But it turns out that the things that grow exponentially, like MAUs or page views, can un-grow just as exponentially. Optimizing for exponential growth can mean sacrificing stickiness, user engagement, and satisfaction. You’re fighting churn and struggling to support your networks. And worst of all, exponential growth isn’t even the fastest growth there is.
Let’s take a quick look at our old friend linear growth. You know, y = mx. Slowly, over time, you have more of something than you did the day before. Your growth rate is a constant, never accelerating or decelerating. Comforting, familiar — but slow. Here it is:
But then you hear about exponential growth — y = m^x. Suddenly, old dependable y = mx doesn’t seem so great in comparison. Exponential growth is seductive. It’s faster, bolder, and it looks way better on charts.
Just look at that green line. I don’t know what we ever saw in linear growth, to be honest.
But let us consider combinatorial explosion. This is a mathematical effect that occurs when combinations of variables or nodes within a system are each connected to another, or when branching factors are considered in search problems (like when analyzing potential chess positions x moves ahead of the current position). A common numerical example would be y = x! (x factorial).
This is not a very compelling or impressive effect for small numbers (or small time frames, if that’s our x-axis). Let’s compare exponential growth to combinatorial growth.
When x = 5:
- exponential growth: y = 2^x = 2⁵ = 32
- combinatorial growth: y = x! = 1*2*3*4*5 = 120
However, for just slightly larger x, such as x = 10:
- exponential growth: y = 2^x = 2¹⁰ = 1024
- combinatorial growth: y = x! = 1*2*3*4*5*6*7*8*9*10 = 3,628,800
And for x = 20:
- exponential growth: y = 2^x = 2²⁰ = 1,048,576
- combinatorial growth: y = x! = 1*2*3*4*5 = 2,432,902,008,176,640,000
Wow, you may be thinking. A million of something isn’t cool. You know what’s cool? 2 quintillion. Forget exponential growth — combinatorial growth is sexy. I have graphed the effect of combinatorial explosion slightly unscientifically below:
Um. Okay. Maybe it’s more dangerous than sexy. Like, too hot to handle.
Combinatorial explosion is not the kind of growth anything is equipped to handle. If this is searching branches in a chess position, or if it’s any number of issues in artificial intelligence, we’re looking at evaluation times that increase from seconds to millennia as complexity increases.

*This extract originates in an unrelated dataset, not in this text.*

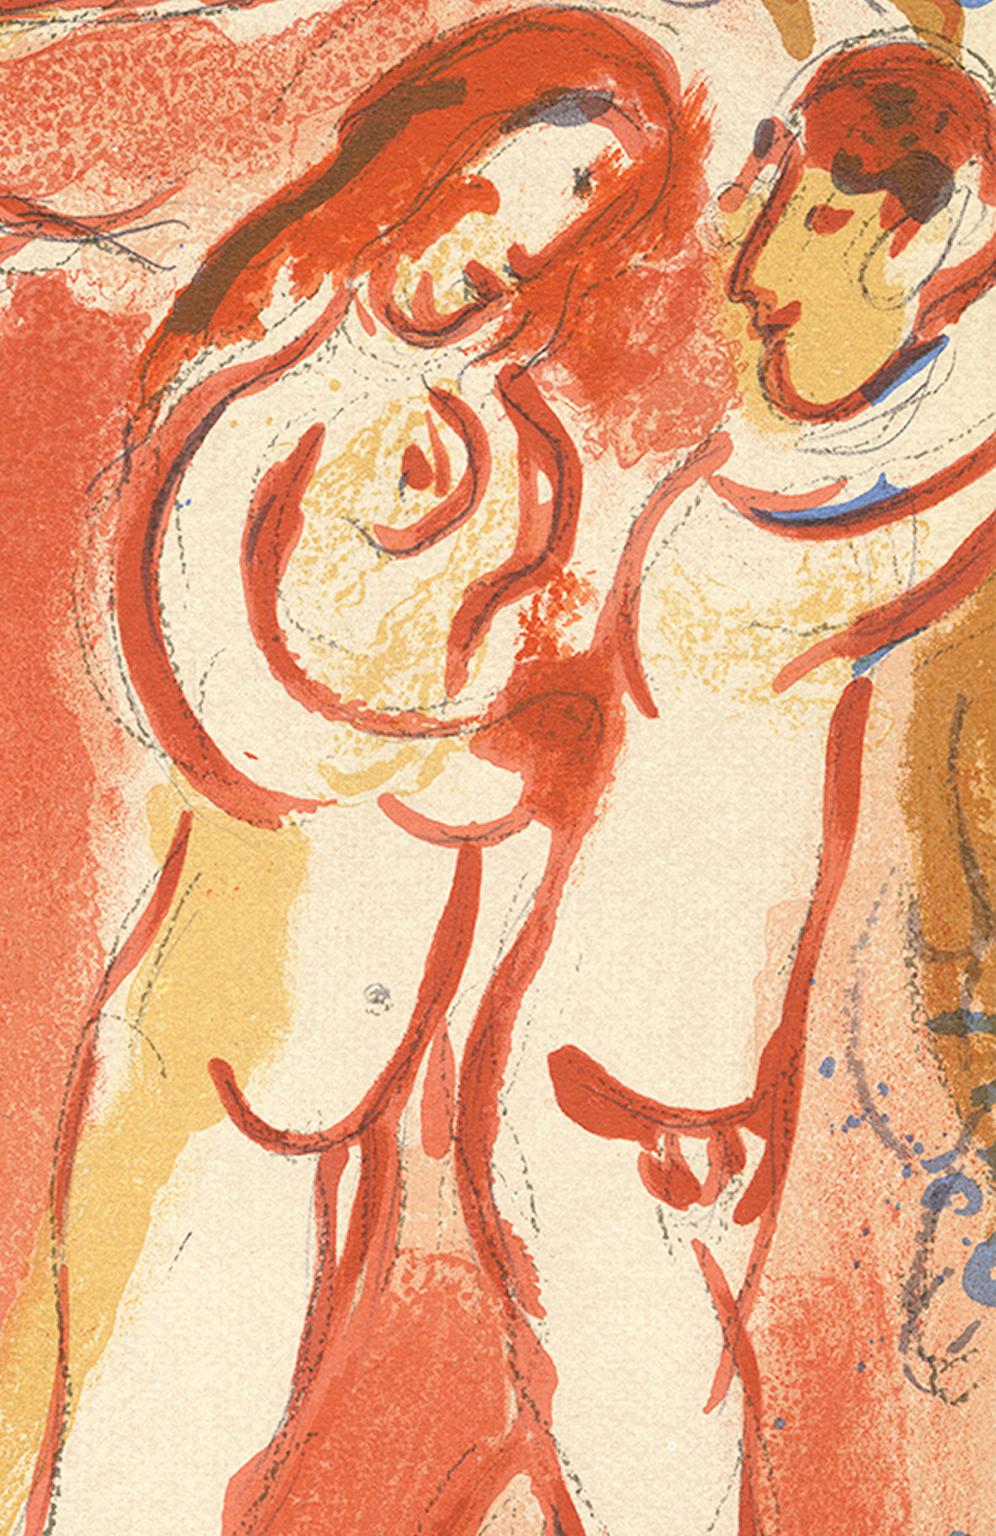 20e siècle lithographie en couleurs personnages nus rouge et orange - Print de Marc Chagall

The reason for the huge disparity between growth rates is clear — instead of the base unit increasing exponentially, the number of possible paths or connections between base units is increasing exponentially. Big difference. That’s why we have developed methodologies like heuristic search to cut search times and better handle combinatorial explosion.
Our individual brains already work combinatorially: “each neuron may be connected to up to 10,000 other neurons, passing signals to each other via as many as 1,000 trillion synaptic connections, equivalent by some estimates to a computer with a 1 trillion bit per second processor.” Adding another 1 billion neurons wouldn’t be considered 1% growth — it’s a huge expansion in the number of possible connections and signals.
When Do Networks Explode?
Okay, so combinatorial growth is awesome, but overwhelming. So let’s say you’re focused on achieving normal hockey-stick, exponential adoption for your product. You definitely won’t see combinatorial explosion in your monthly active users or file uploads. Those kinds of metrics are going to stick to exponential growth — at best.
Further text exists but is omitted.